I have connections in the building trade.
is it fair to say you need the following skilled workers ?
plumber
joiner
tiler
carpet fitter.

decorating is hard work but doable. can your bf help you at the weekends ?

Stratter5 · 05/08/2015 23:39

Try a letting agent, they're usually a goldmine for knowing handymen.

shirleybasseyslovechild · 05/08/2015 23:43

I do agree with your original point that it would be a waste not to renovate before selling .
I know you didn't ask this but might it be an idea to renovate and sell before your bf and kids move in?
much easier to keep it looking freshly done up that way !

NoSquirrels · 05/08/2015 23:43

Whereabouts in the zones are you, OP? North, south, east, west? I could probably recommend someone if in the right area.

The problem is no one can see any profit in the job you want doing. So they're not tempted to quote for it. Sorting half-finished stuff, when the materials have already been bought, cuts their margin, it's just labour costs. That's why no one fancies it.

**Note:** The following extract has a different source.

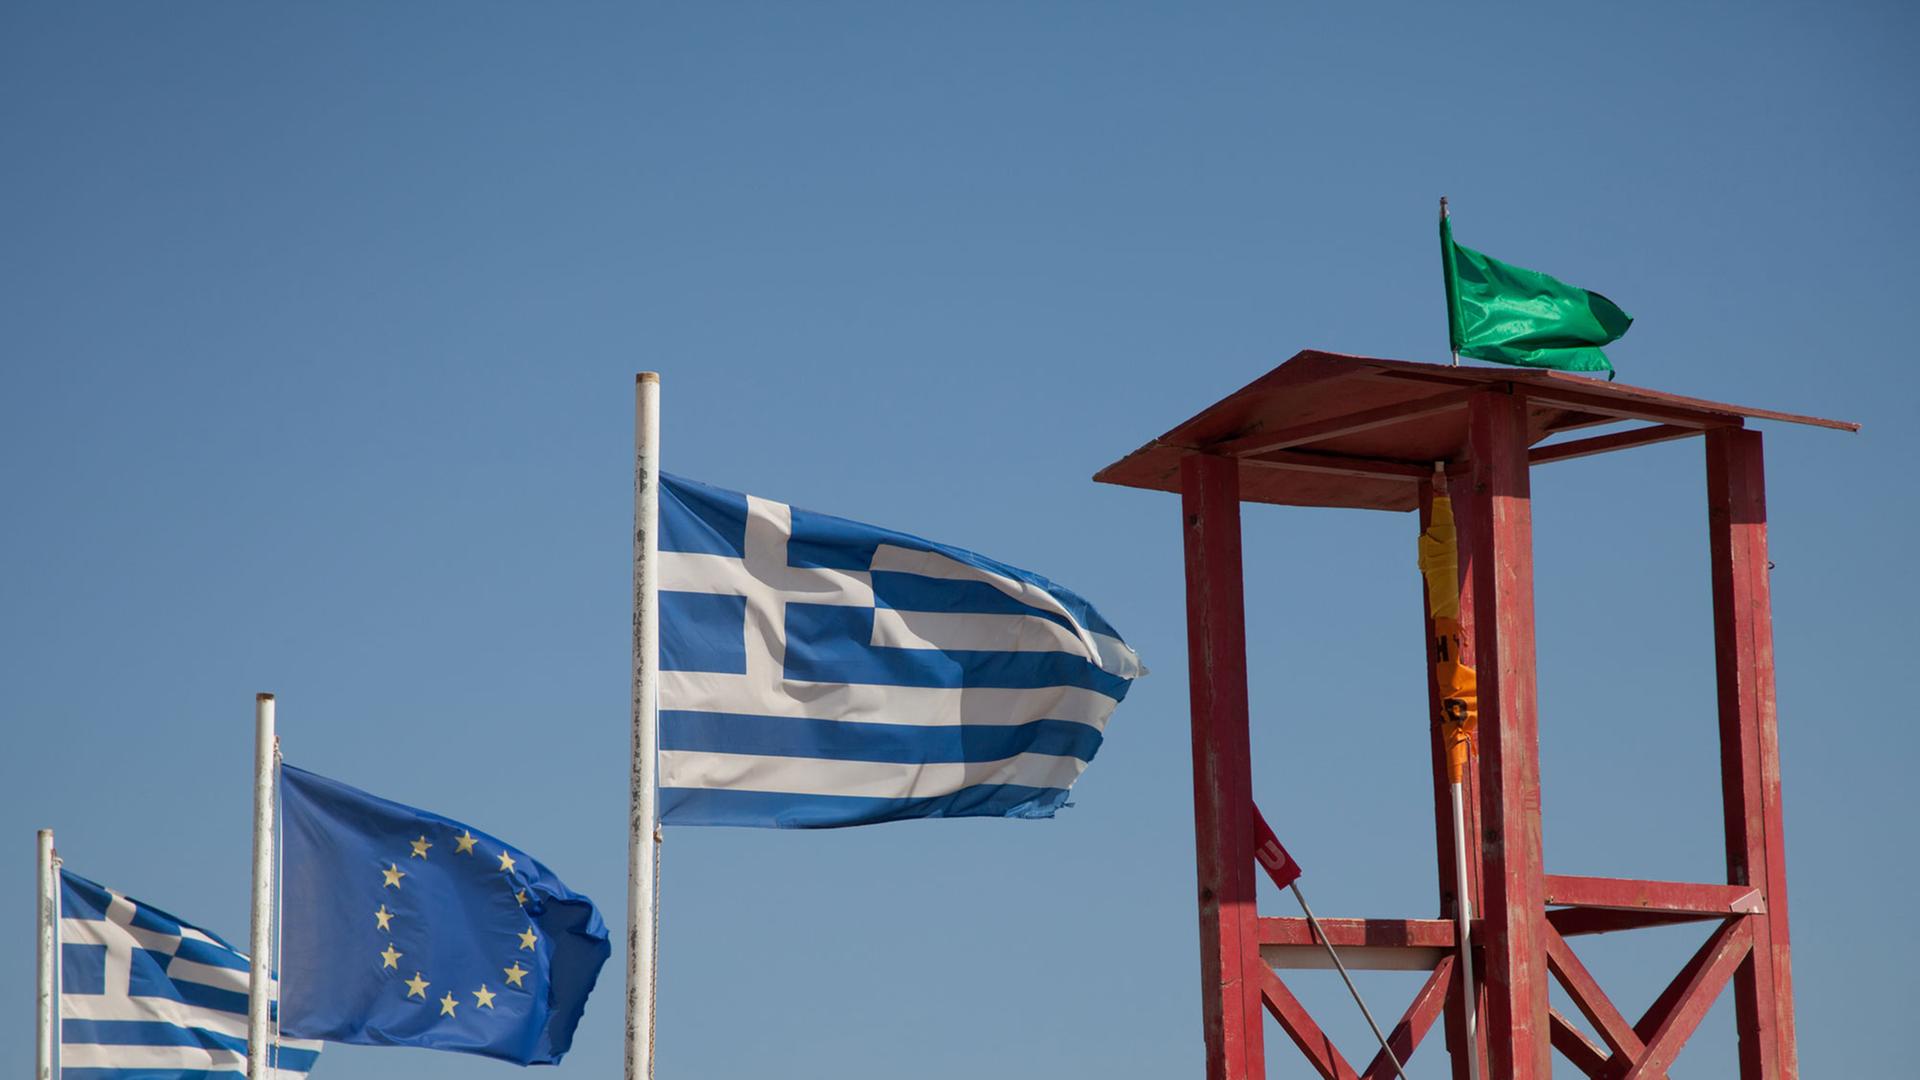 Griechische Fahnen und die EU-Flagge wehen im Wind am 01.09.2013 am Strand von Elafonissi auf der Insel Kreta in Griechenland

But if you get the plumbing done, say, then move onto the woodwork (handyman type), then you'll get somewhere even if slowly.

TracyBarlow · 05/08/2015 23:45

Have you tried putting an an ad in the newsagent's window for a general handyman, say you'll pay £200 day rate and provide all materials. I reckon you might get someone retired who can do most of it.

Things like fixing skirting boards, hanging doors etc is an absolute piece of piss and I'd do it myself. There are tutorials all over YouTube. Even if you just hang one door per weekend you'll save yourself loads of cash.